:: REQUIREMENT ::
The reply should hold every line of the listing exactly, and none of its images.

-- SUPPLIED INFORMATION follows --

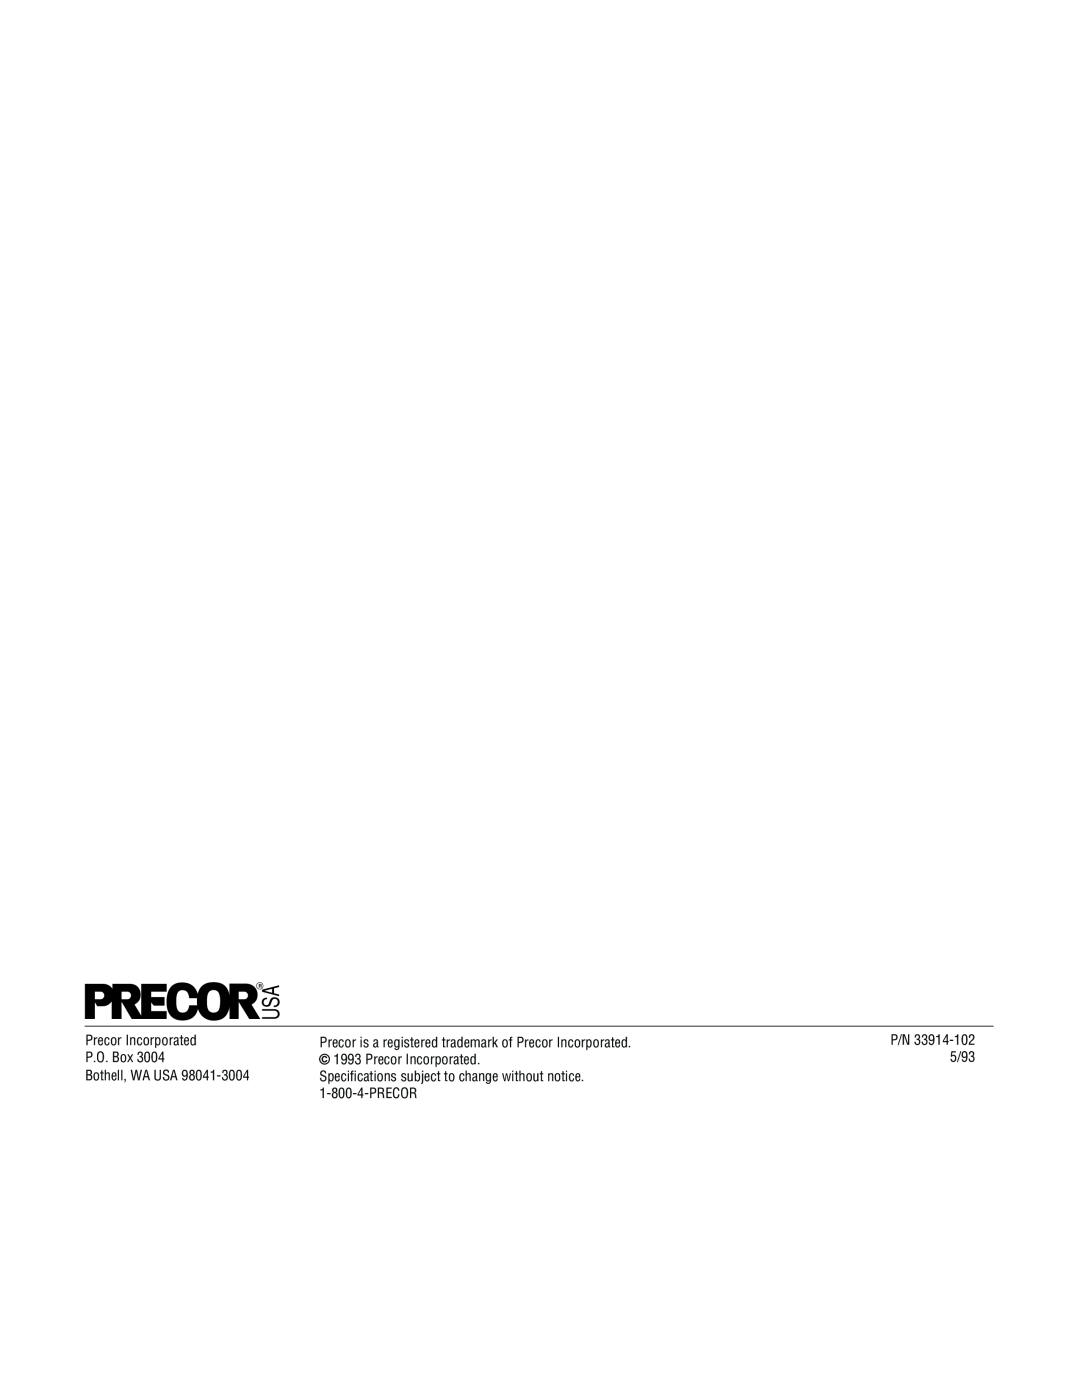 Precor 719e Precor Incorporated P.O. Box Bothell, WA USA, Specifications subject to change without notice 1-800-4-PRECOR 
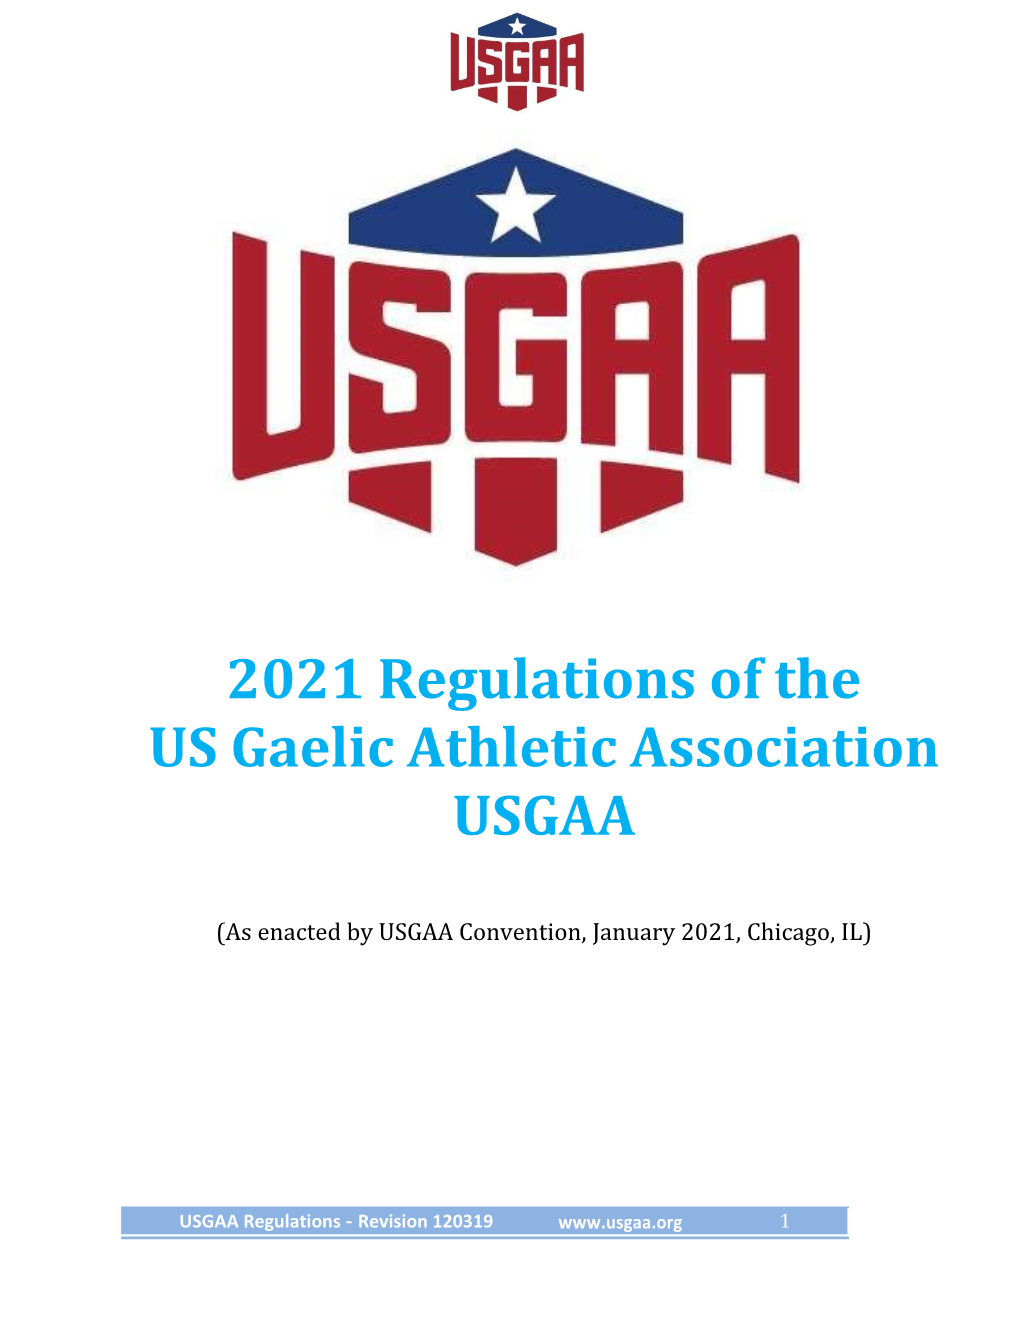 2021 Regulations of the US Gaelic Athletic Association USGAA
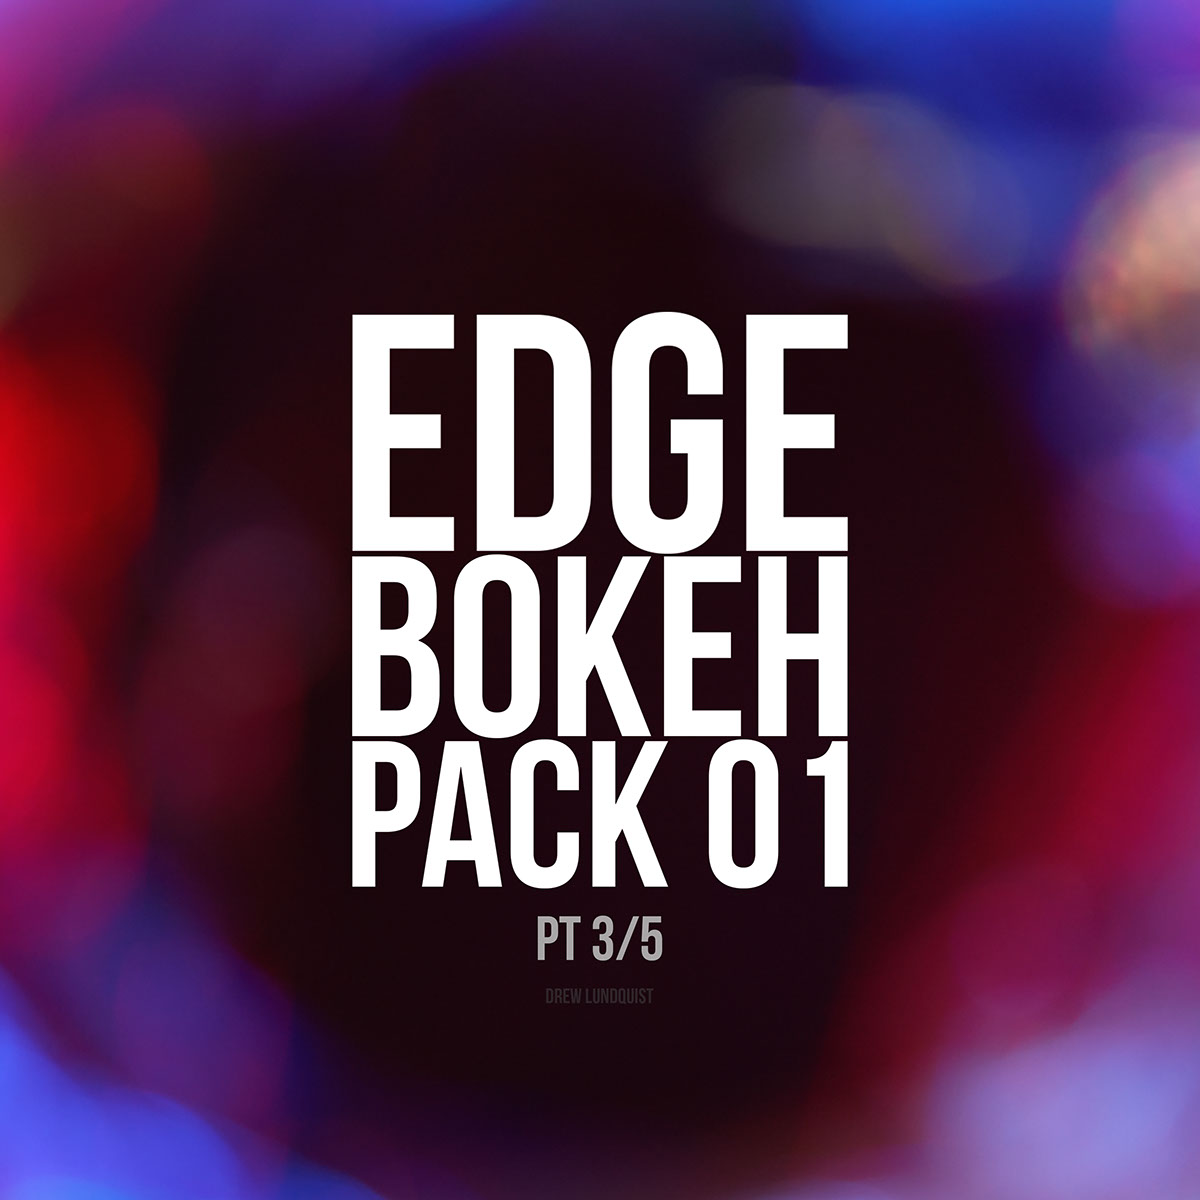 Edge Bokeh Pack 01 - Pt3 rendition image

-- SUPPLIED INFORMATION concluded --

:: OUTPUT ::
 Precor 719e Precor Incorporated P.O. Box Bothell, WA USA, Specifications subject to change without notice 1-800-4-PRECOR 
 2021 Regulations of the US Gaelic Athletic Association USGAA
 Edge Bokeh Pack 01 - Pt3 rendition image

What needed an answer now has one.